[Draft Covenant of the League of Nations.]?Paris: February, 1919 Stock Code: 132162
"A living thing is born"First and only printing of this original draft, docketed on the front wrapper by Louis L. Strauss, Herbert Hoover's assistant in Paris: "One of the first 100 copies of the original draft. Read by Woodrow Wilson at Paris, Feb. 1919". Library Hub locates just six copies of this draft: Peace Palace Library, Huntington, Princeton, Harvard Law School, Wellesley, Missouri.
Drafted by Cecil Hurst, principal legal advisor to the Foreign Office, and David Hunter Miller, a member of Woodrow Wilson's investigative group "the Inquiry" and chief of the legal section of the American Commission to Negotiate Peace, the draft was presented on 14 February 1919. In the ensuing four months a designated commission met on ten occasions to thrash out the terms of the founding covenant, attempting to overcome major objections raised by various participants. A revised draft was finally approved on 11 April 1919, but without resolving key questions such as national and racial equality, and what practical methods of enforcement could be applied to the League's mandates. Despite this the treaty entered into force on 10 January 1920.
However, for America Article X - which undertook "to respect and preserve as against external aggression the territorial integrity and existing political independence of all States members of the League" - remained highly contentious for isolationist elements in government and Senate refused to ratify it. Nonetheless this statement, and the striving for mutual understanding that it represents, is a foundation document in the history of international co-operation. As Woodrow Wilson declared when presenting the Covenant at Versailles, "a living thing is born".

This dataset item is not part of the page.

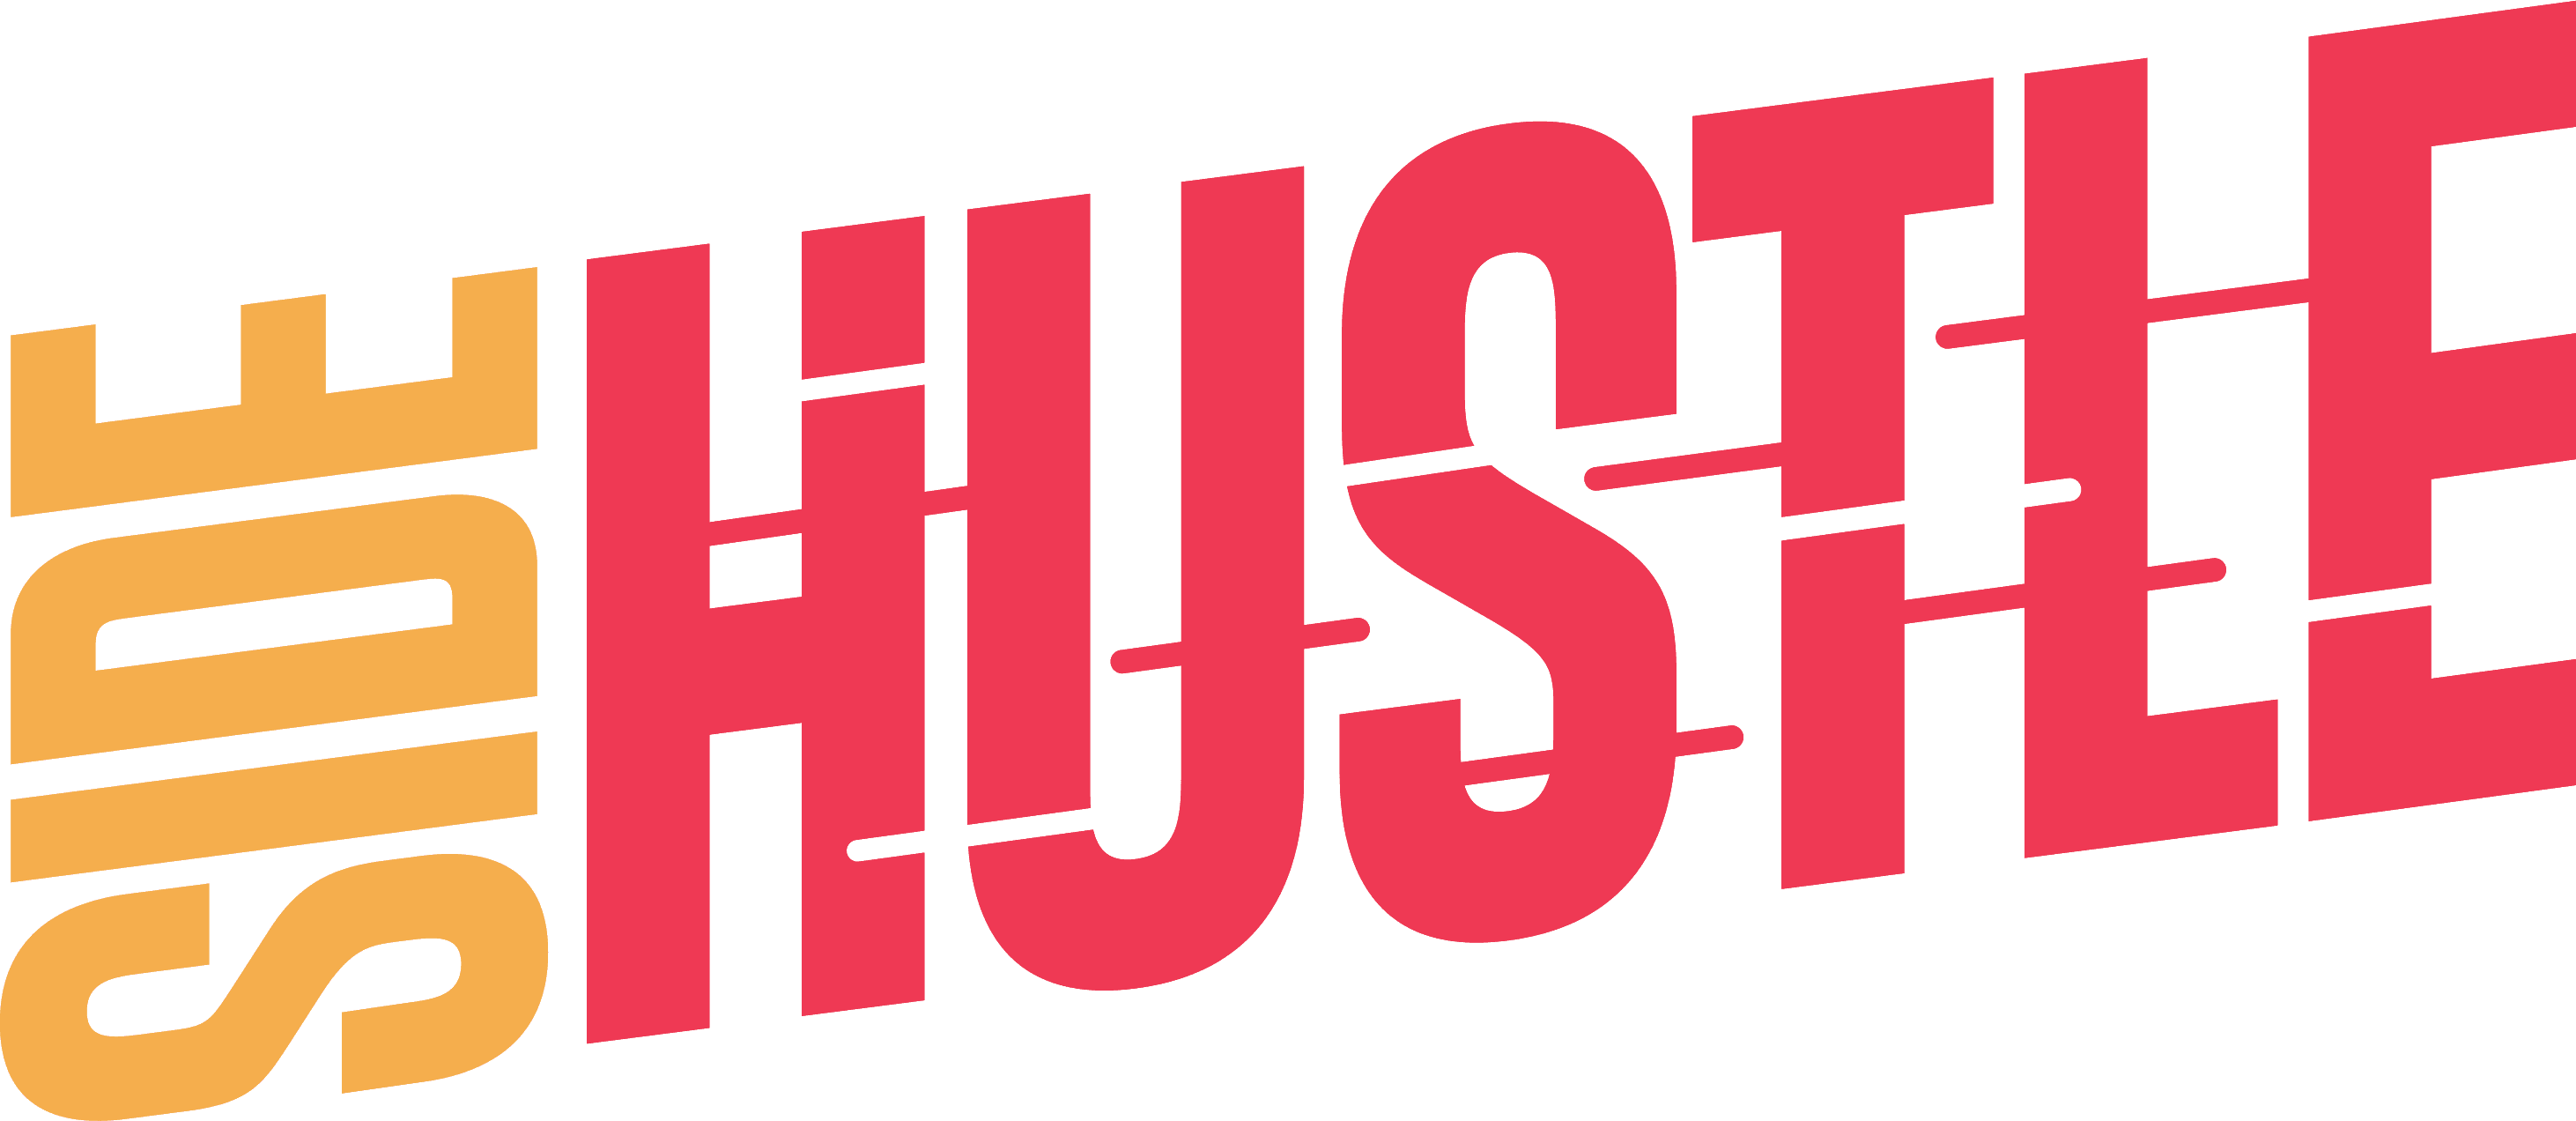 Side Hustle logo

From the estate of Louis Lichtenstein Strauss (1896-1974). Strauss left the family wholesale shoe business when America entered the First World War in 1917 and took himself to Washington where he persuaded Herbert Hoover to give him a job in the newly formed Food Administration. Impressed with Strauss, Hoover took him on as his private secretary, Strauss accompanying him to Paris at the end of the war to assist in running the American Relief Administration. A distinguished career in banking followed. During the Second World War he was the only naval reservist to rise to the rank of rear admiral for his work for the Bureau of Ordnance, and in 1946 he became the first chairman of the US Atomic Energy Commission. A well provenanced and preserved copy of this world-historical document.
4 single leaves (300 x 210 mm), printed rectos only, wire-stitched in original pale green hammer-finish card wrappers, letterpress title as above.
Staples renewed slightly askew from their original positions, mild rust-marks, wrappers otherwise clean and sharp, paper uniformly toned, overall very good.